▶ **GOAL OF THE EXERCISE**:
Find the line containing "Discharging mechanism applied" in the records below. Copy exactly that line and each one after it, ending at the line containing "Drzwi prysznicowe 140", and nothing more.

▶ **DATA EXTRACT**:
== == ==

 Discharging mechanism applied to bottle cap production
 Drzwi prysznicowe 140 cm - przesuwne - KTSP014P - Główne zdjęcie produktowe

== == ==

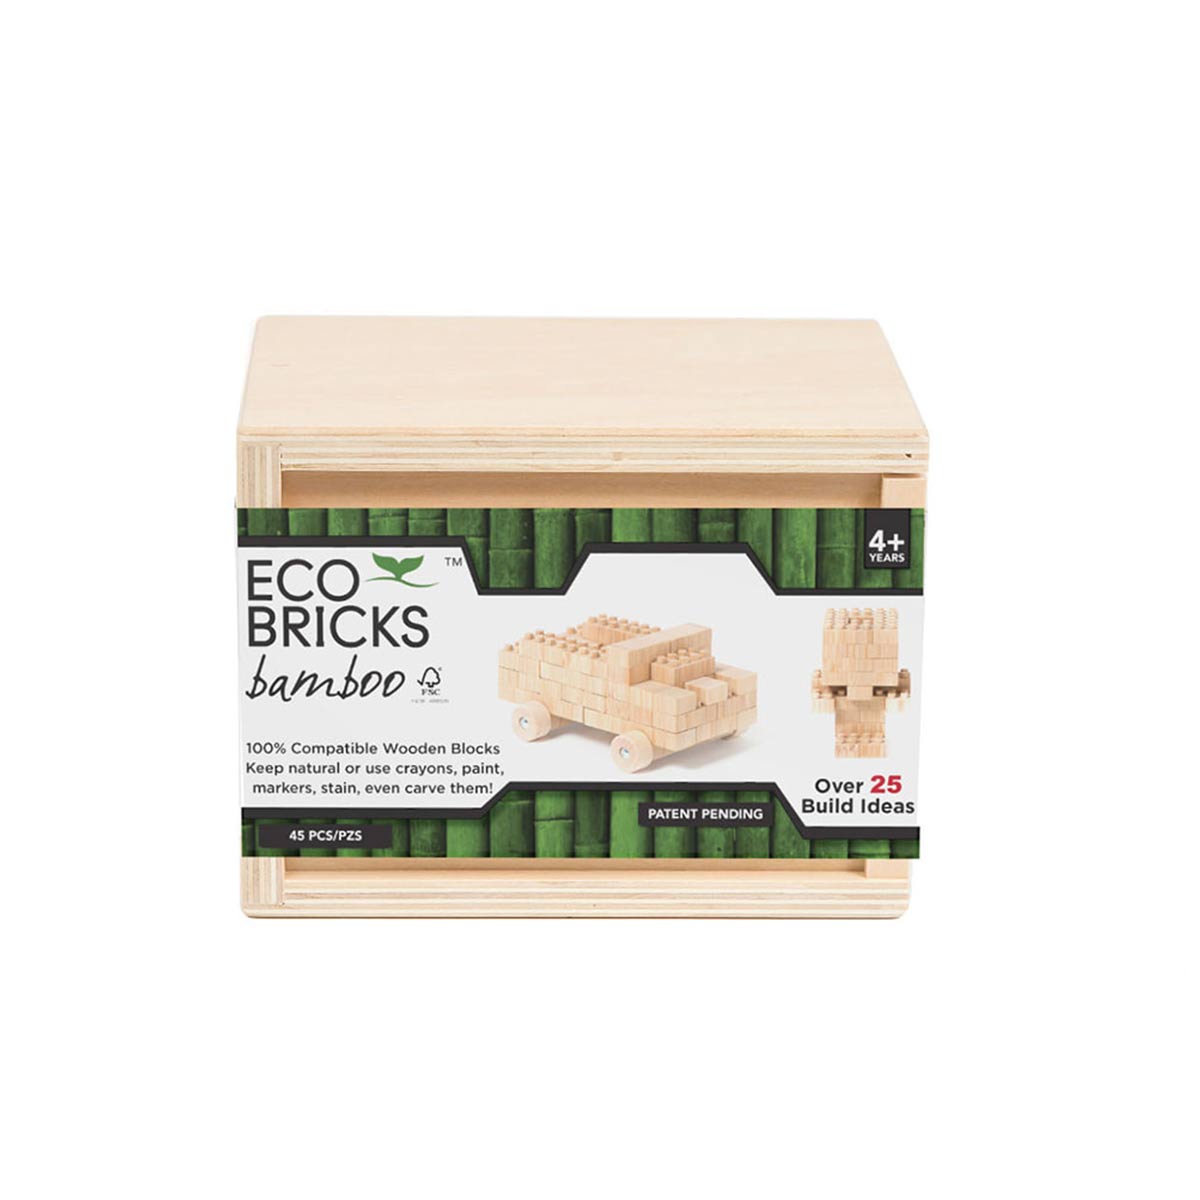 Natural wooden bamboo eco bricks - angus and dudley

== == ==

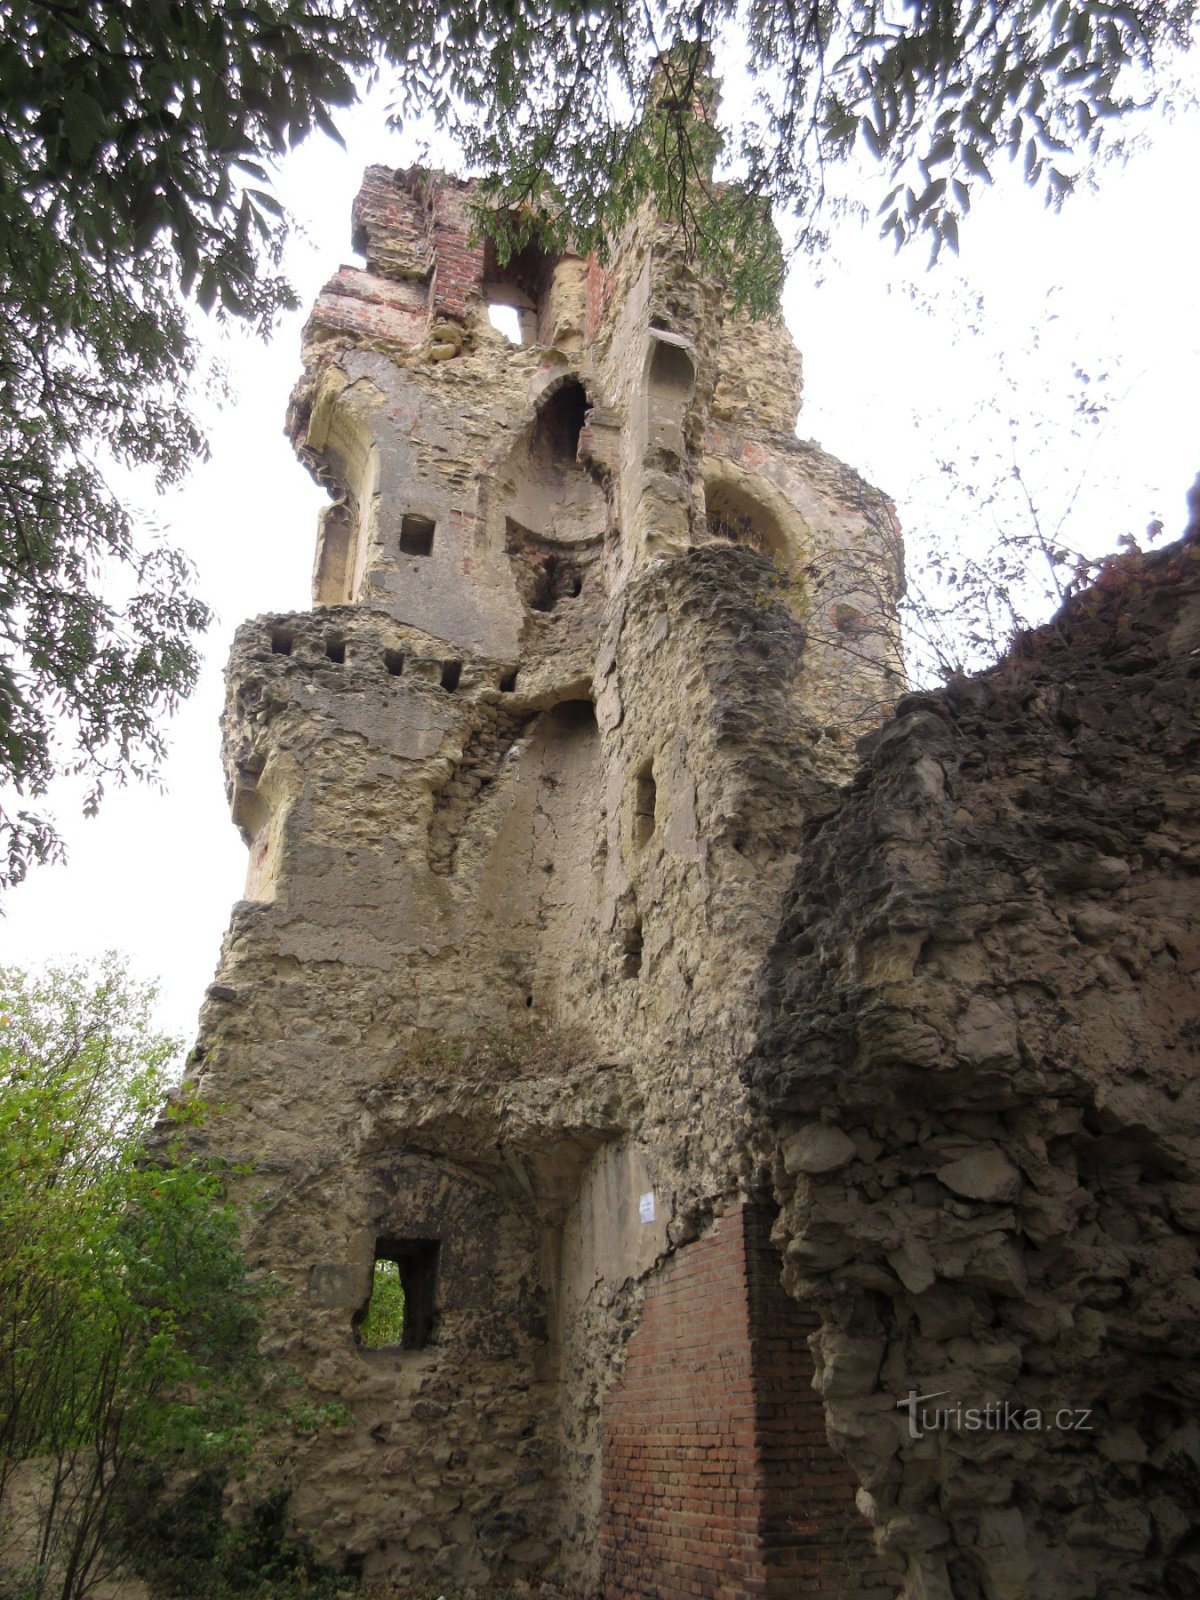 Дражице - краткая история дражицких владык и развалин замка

== == ==

▶ **RESPONSE**:
 Discharging mechanism applied to bottle cap production
 Drzwi prysznicowe 140 cm - przesuwne - KTSP014P - Główne zdjęcie produktowe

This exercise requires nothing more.